== Records for processing ==
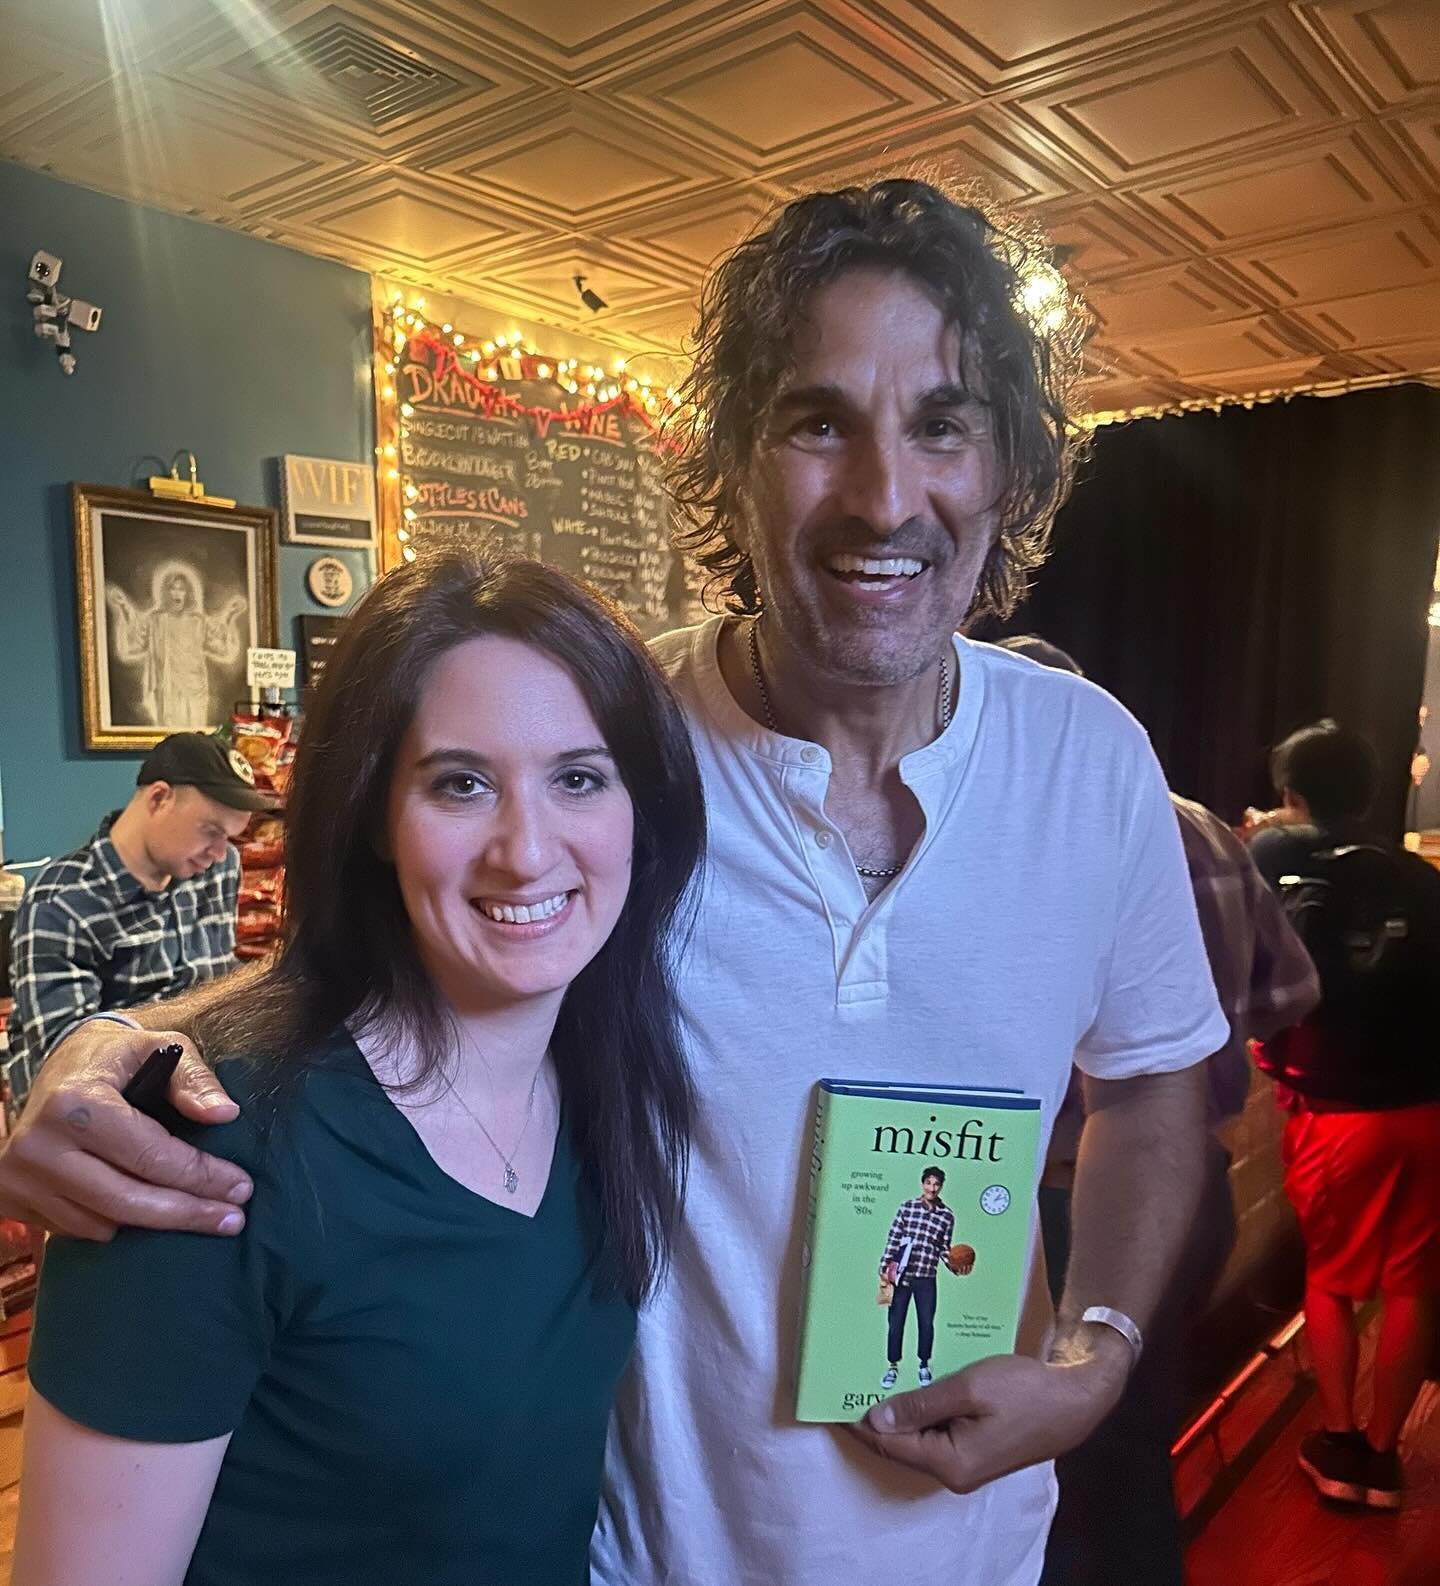 Saw and got to meet (!!) @garygulman at @qedastoria last night. Not only is he a talented and amazing comedian, but he has also been incredibly vulnerable in discussing his own mental health journey. 

If you haven&rsquo;t seen his special, The Great
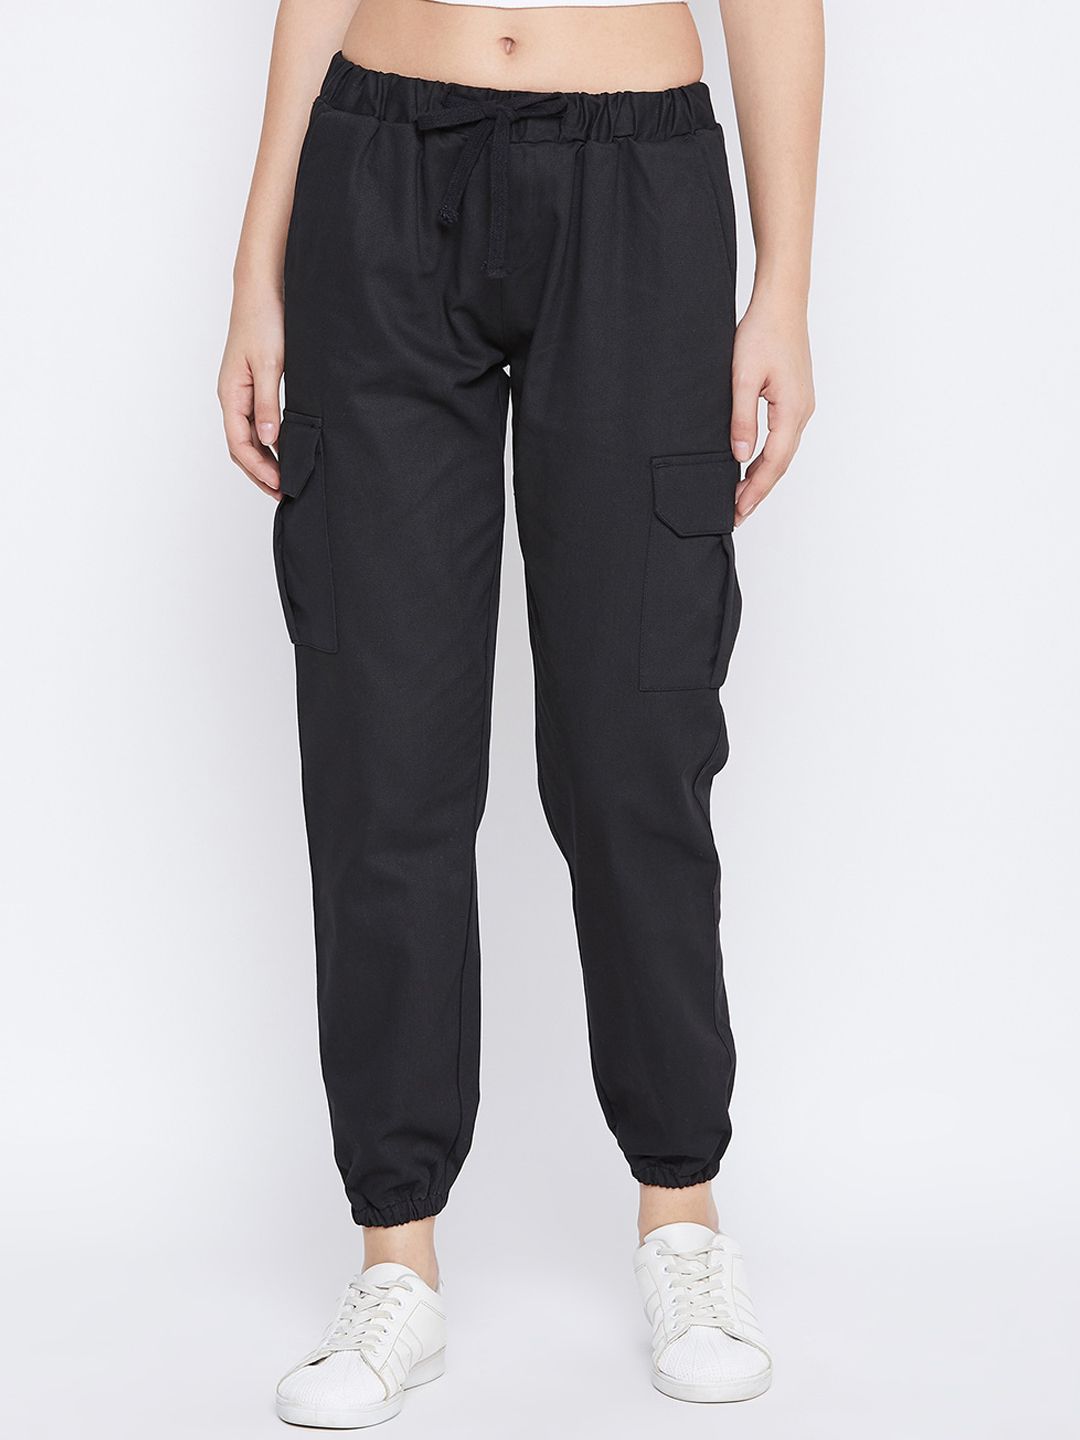 Q-rious Women Black Regular Fit Joggers Trousers Price in India
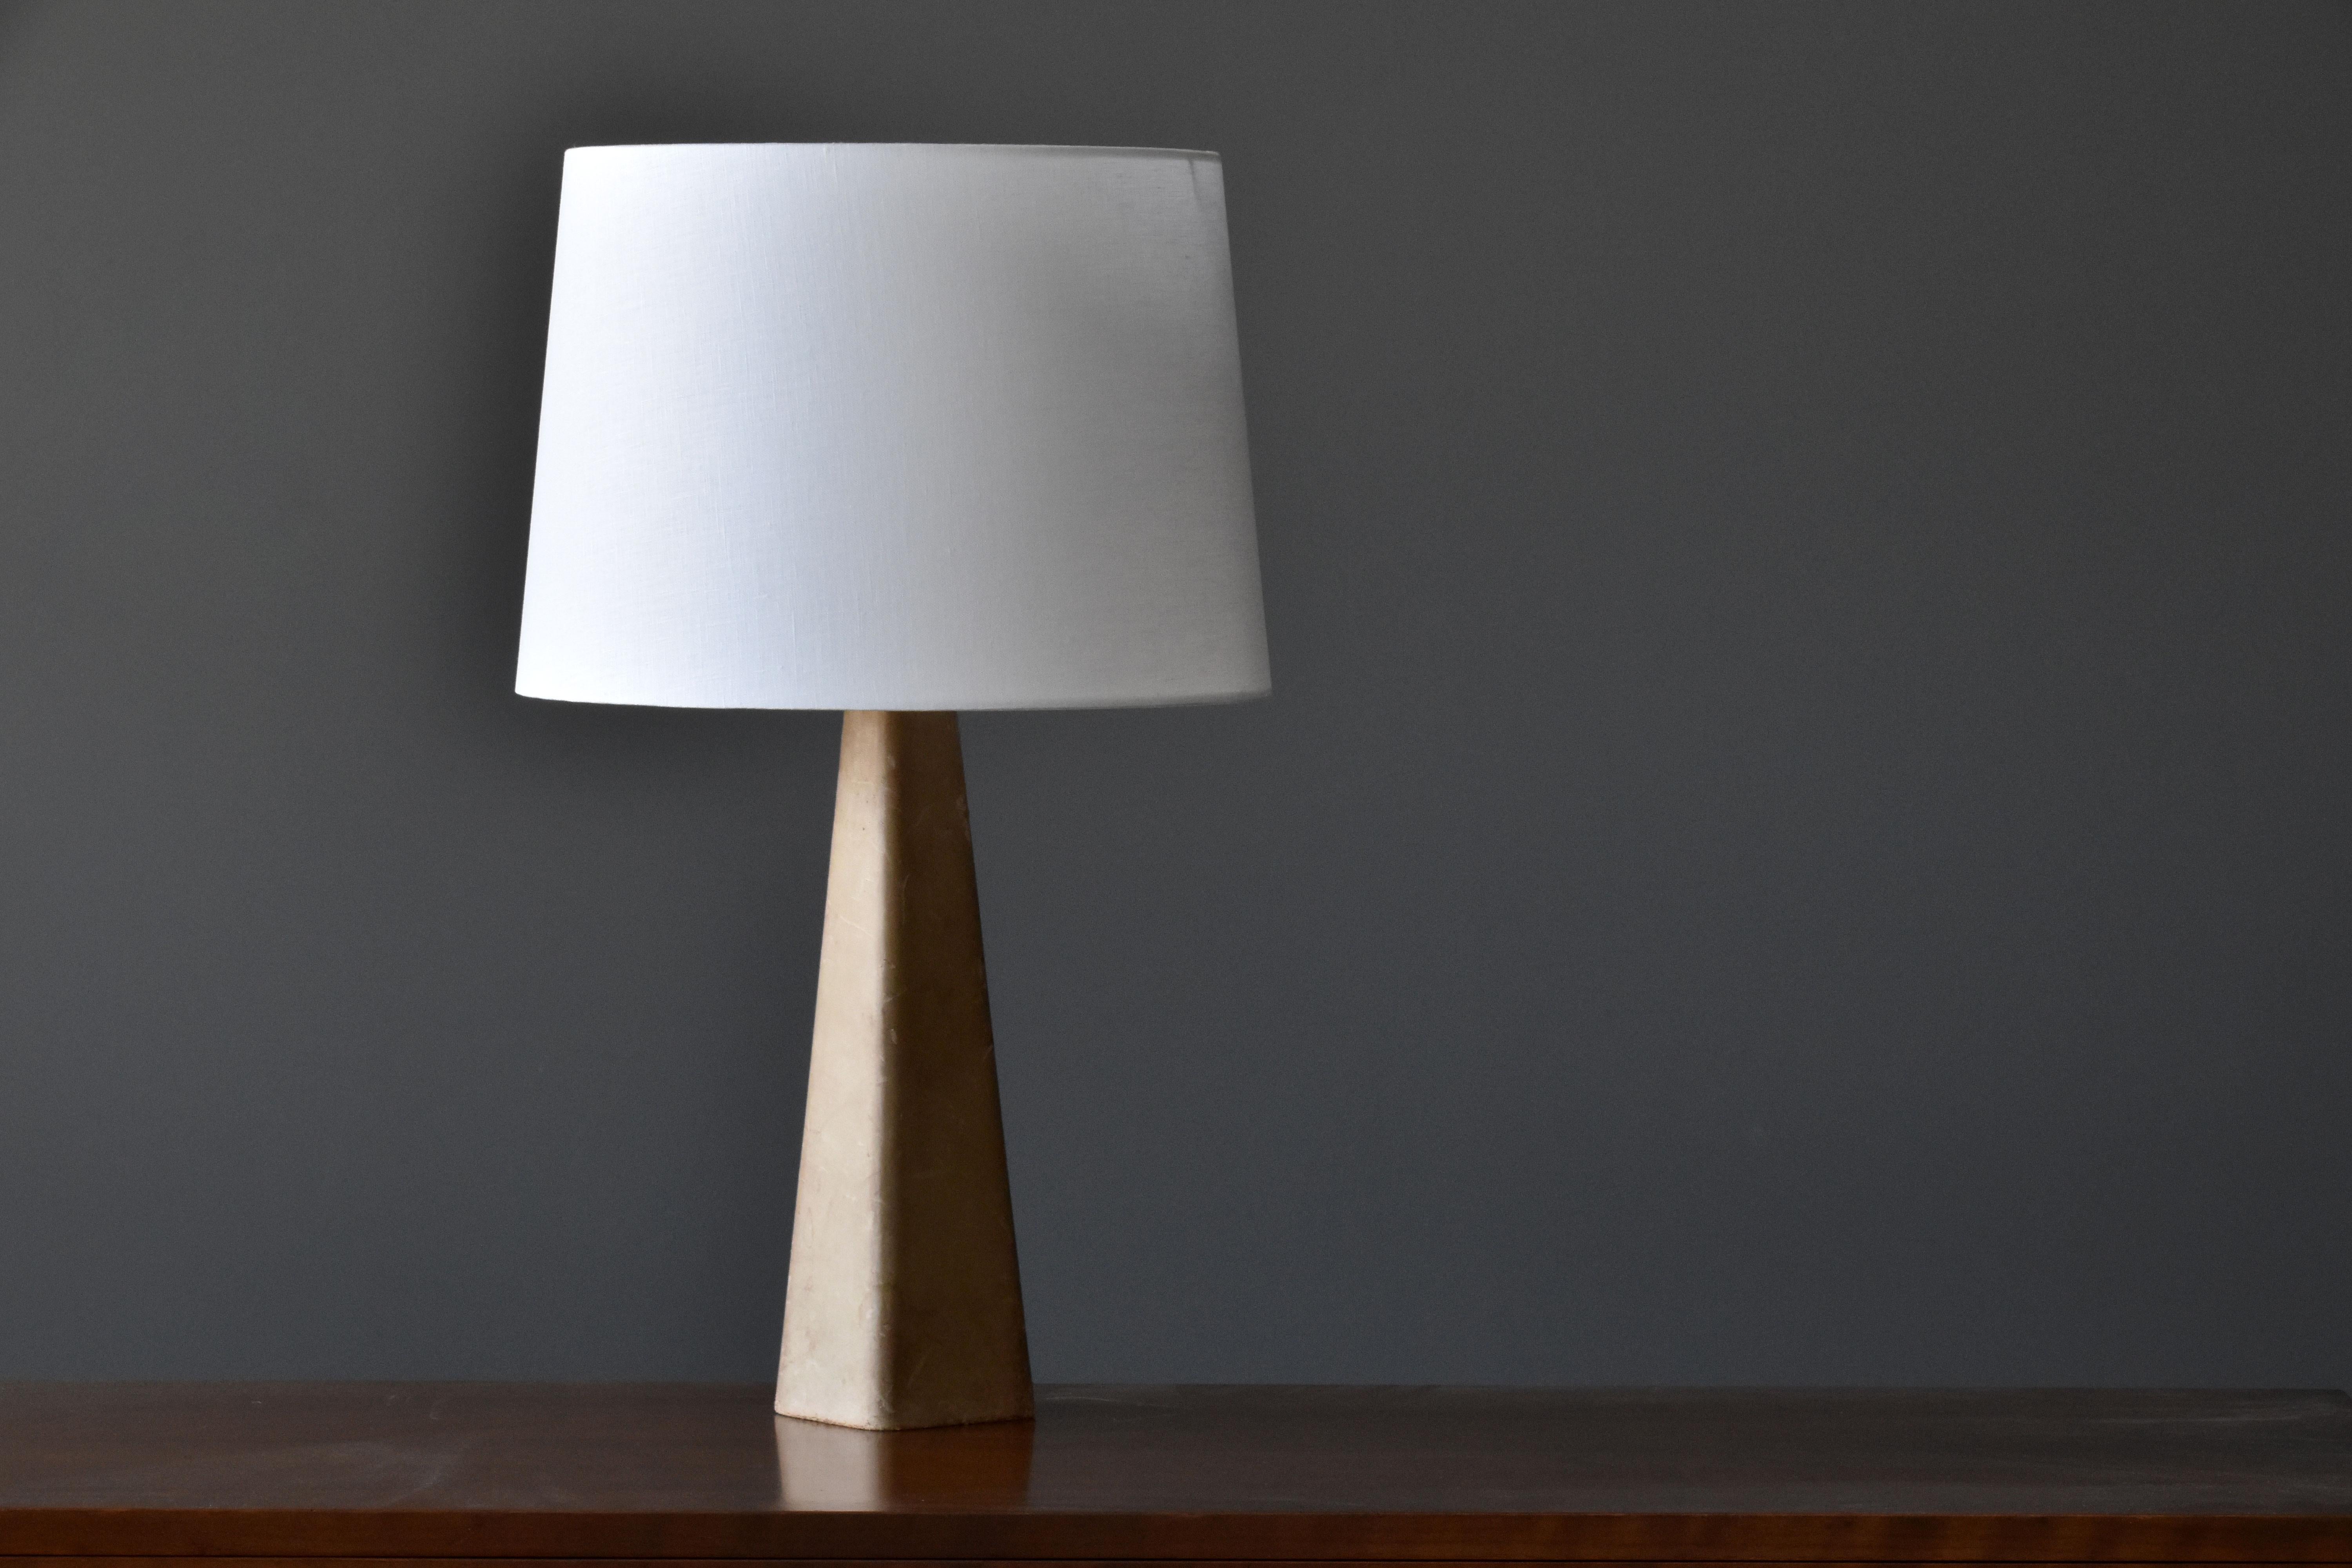 A table lamp designed by Lisa Johansson-Pape. Produced by Ornö, Finland in the 1960s. 

Made of a solid block of wood covered in leather, fitted with a brass neck and fabric screen. 

Other contemporary Scandinavian lighting designers include
===
Exercise description: Please take the lines from the beginning of the data above through the line holding "If you haven&rsquo;t" and transcribe them exactly, without any pictures.

The completed task:
 Saw and got to meet (!!) @garygulman at @qedastoria last night. Not only is he a talented and amazing comedian, but he has also been incredibly vulnerable in discussing his own mental health journey. 

If you haven&rsquo;t seen his special, The Great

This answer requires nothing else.